Should Baby Cry Herself To Sleep?



          One of the most touchy topics in Pediatrics is whether or not to allow babies to cry themselves to sleep.  A visiting granddaughter recently showed me that sometimes it is not a question of “whether or not” but it is an issue of “need to”.
     Our granddaughter is 9 months old and is a quiet, easy-going baby who hasn’t ever much needed to cry herself to sleep because she clearly advertises when she is tired - suddenly crabby, rubbing ears, rubbing eyes, not wet and not hungry – and goes down with a minimal amount of rocking and singing. Like most 9 month-olds, she needs both a morning and an afternoon nap.
     On the day in question, she went down for her morning nap in the guest bedroom and after she was asleep, her father joined her for a nap. After she had been asleep for only an hour, his cell phone rang and woke them both up.  Because she was in an unfamiliar environment, she woke up totally and wanted to play.
     Later, she again got tired at the time for her afternoon nap. But her parents were going to a wedding that afternoon. I put granddaughter in the car seat knowing that she was so tired that she would be asleep by the time the car reached the end of the driveway. She was. But when we returned home after dropping off her parents, she woke up again when I took her out of the car seat. Once again, she wanted to be up and play.
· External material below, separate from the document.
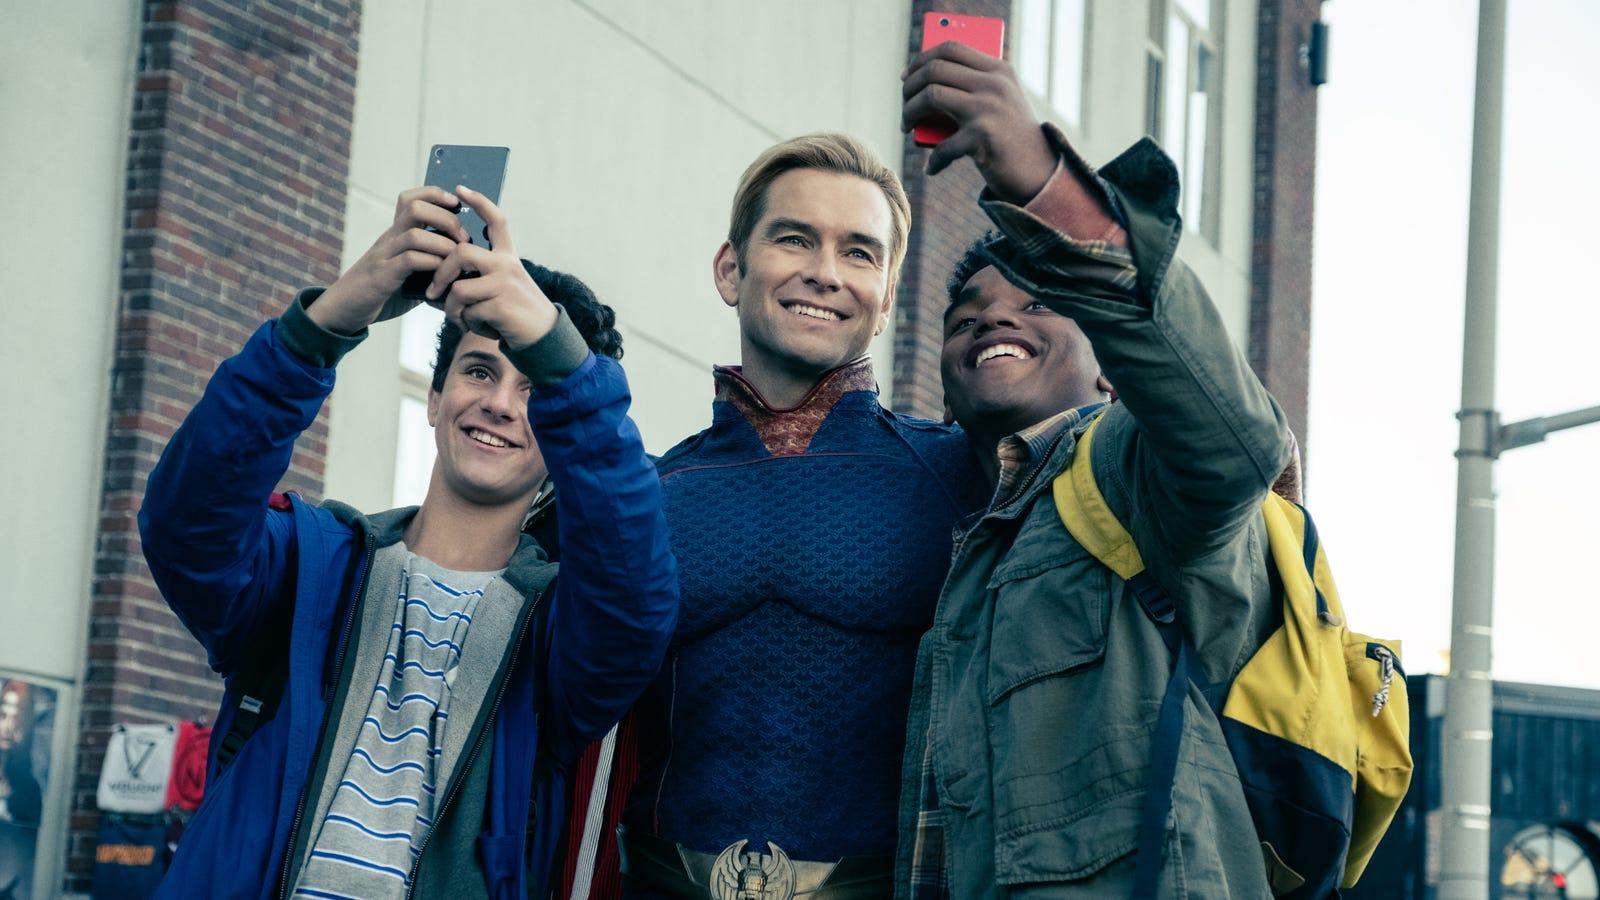 The Boys illustrates the limits of onscreen superhero satire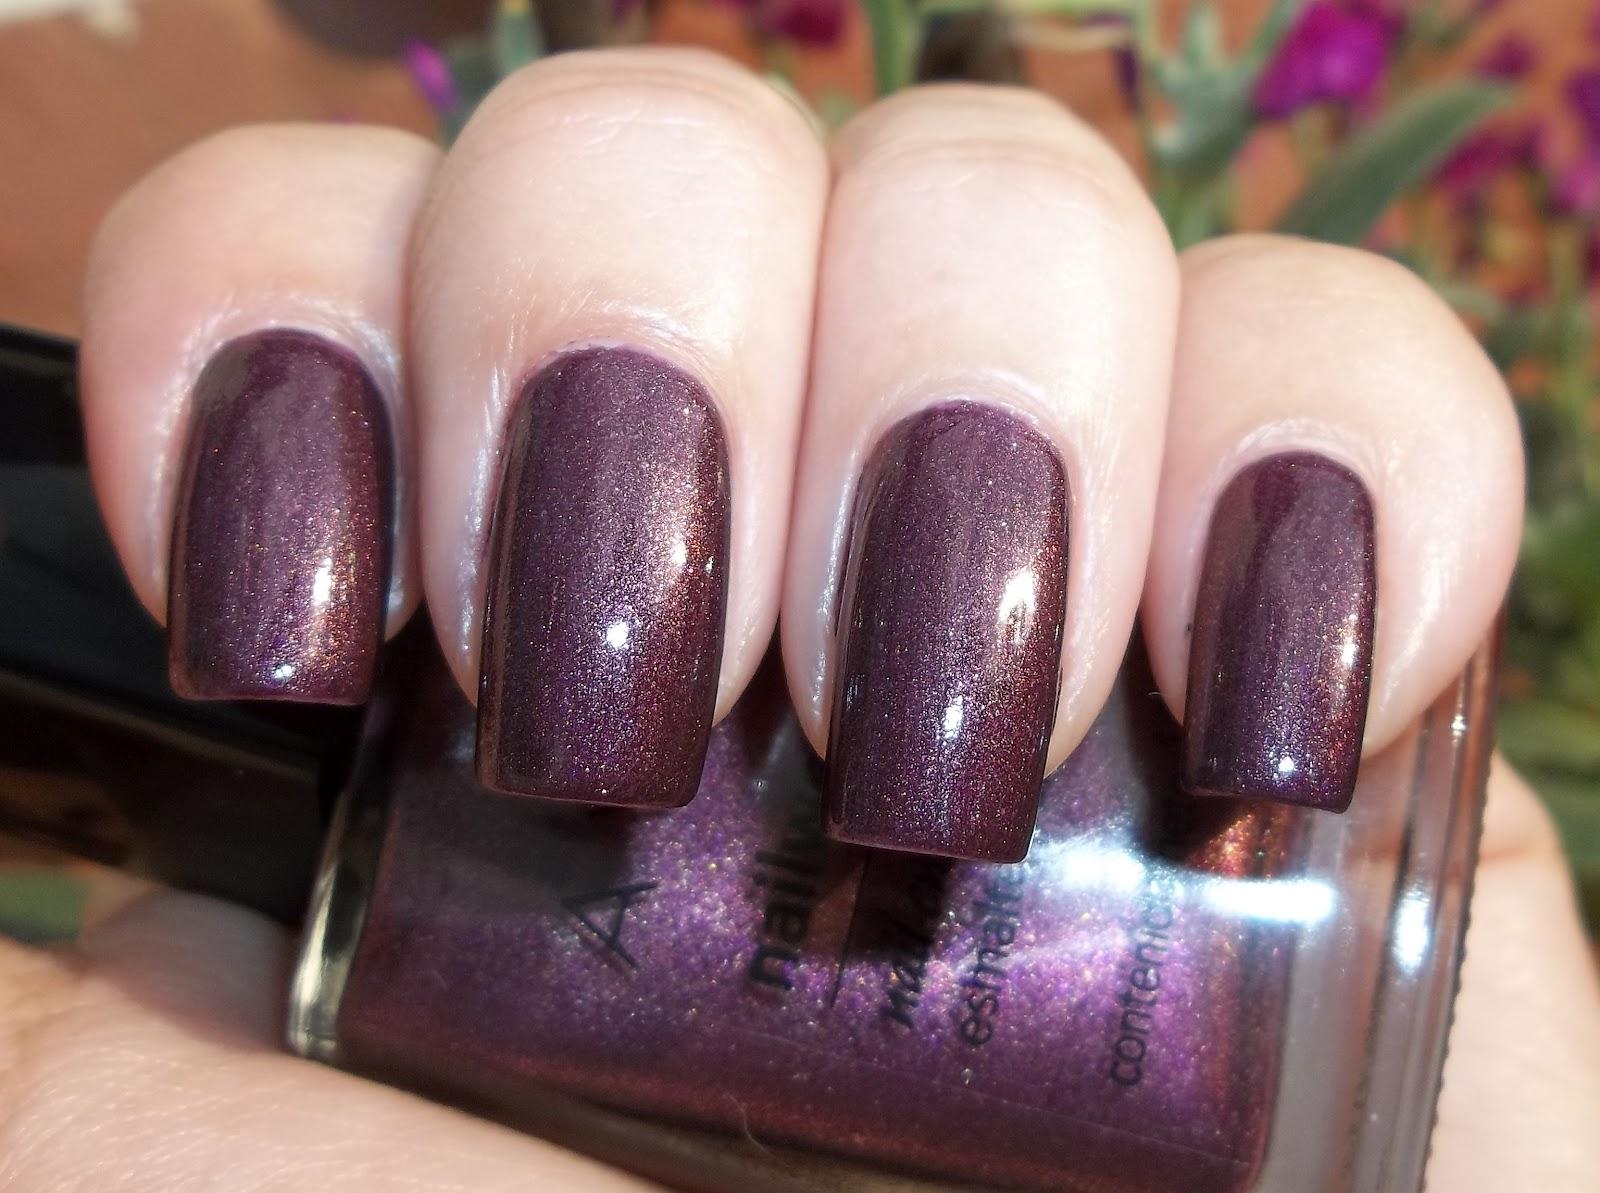 miss phibes.: Avon Nail Wear Pro Night Violet

     When bed-time rolled around, she was beside herself. She had been awakened halfway through each of her daytime naps and she was beyond exhausted. She cried when we gave her her pacifier, when we tried to rock her, when we picked her up and when we laid her down. She was rubbing eyes and ears and yet could not settle herself – crying and screaming no matter what two frustrated grandparents could come up with. All she knew was that she was miserable and nothing was helping her feel better.
     Finally, even though her parents agree with the “no-crying-to-sleep” school, we put her into the portable crib and closed the door. After ten minutes of loud, tearful protest, all was quiet and she was gratefully asleep. She slept through the entire night and well beyond her normal time to wake up. When she did awaken, she was her happy, normal self.
     When you know a baby is tired, it is time to let them go to sleep. If you find that what you are doing (rocking, holding, walking, etc.) is keeping them awake, it is time to give baby a chance to cry off the extra bit of energy that is keeping them awake and let everyone get some much-needed sleep.